Print the data below verbatim, minus images.

*** Opening Recorded data ***

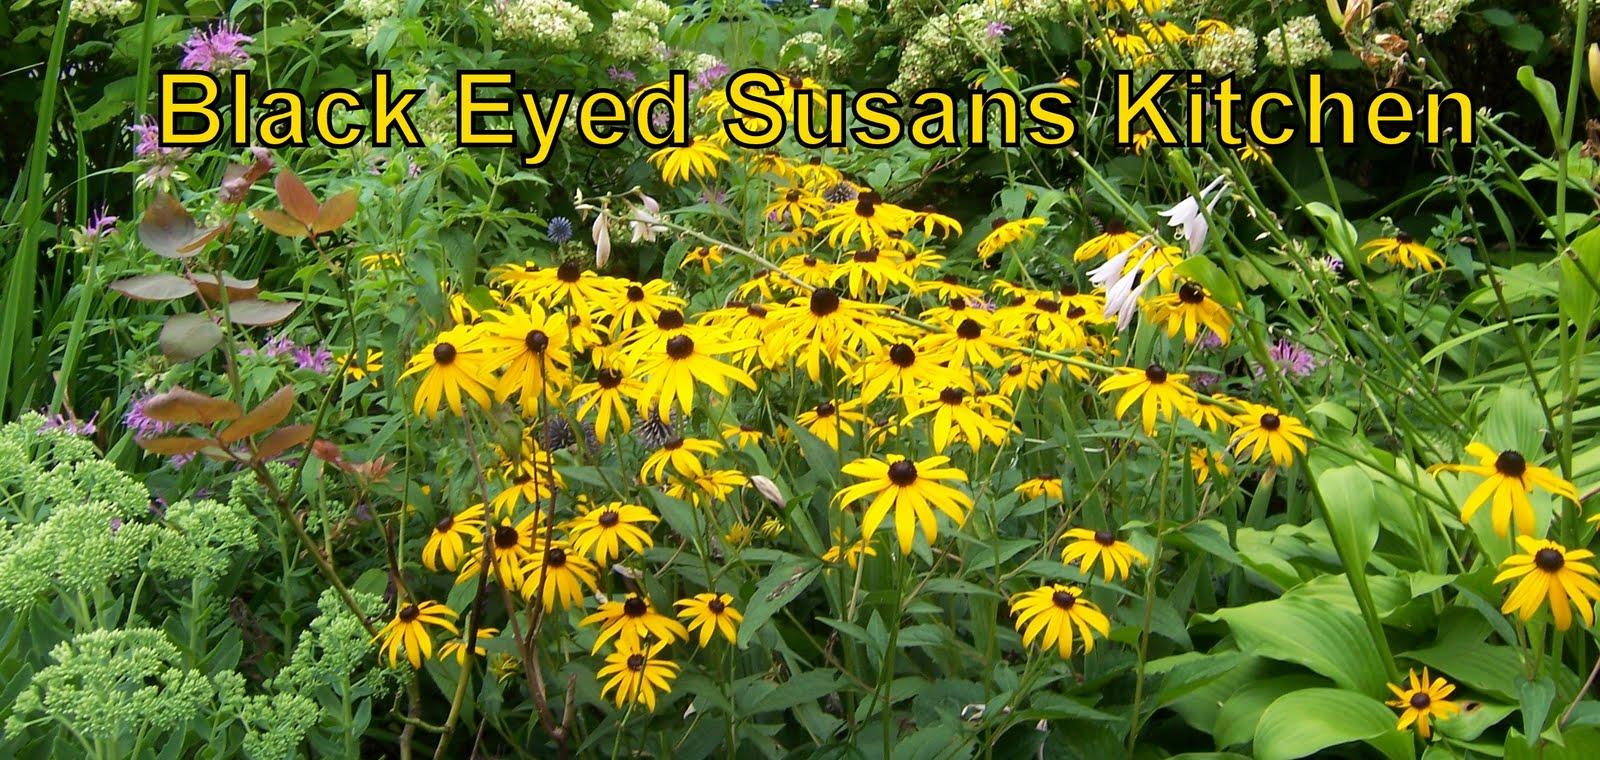 Black Eyed Susan's Kitchen
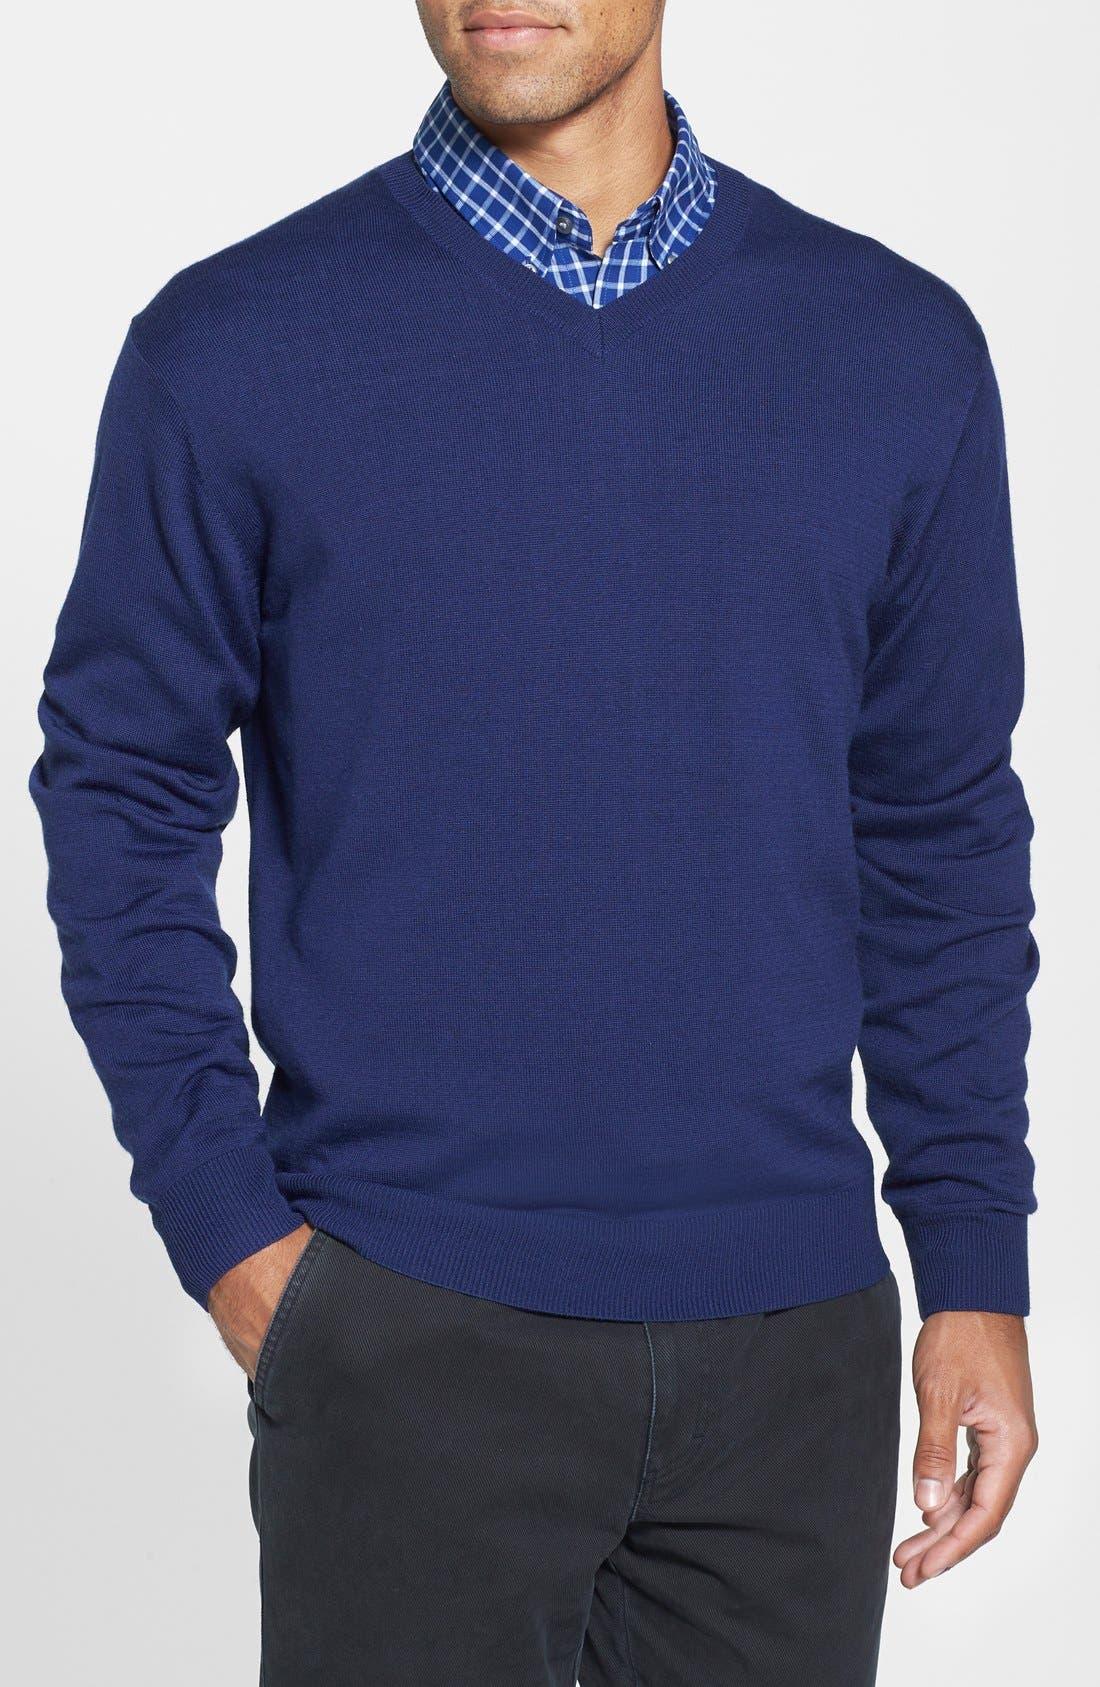 Douglas V-Neck Sweater
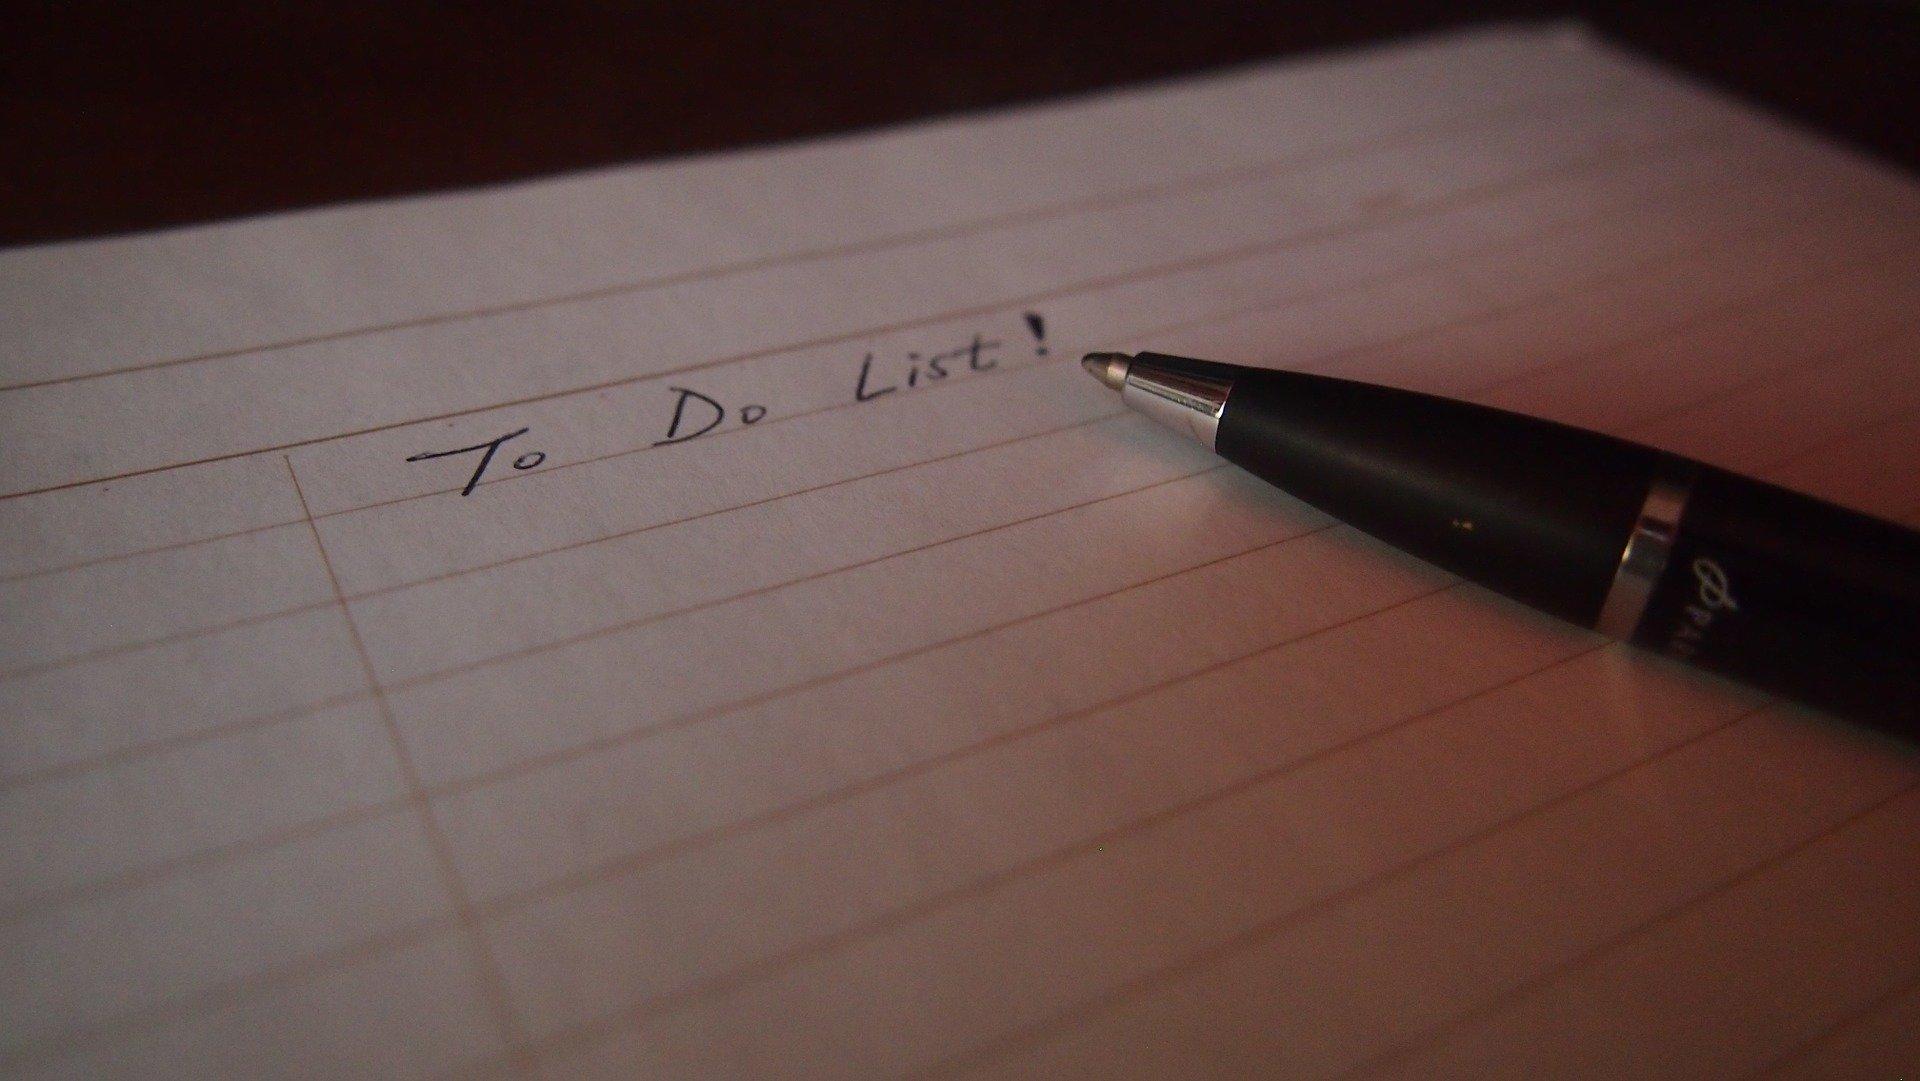 start a task list today

*** Closing Recorded data ***

# [Exercise result]
 Black Eyed Susan's Kitchen
 Douglas V-Neck Sweater
 start a task list today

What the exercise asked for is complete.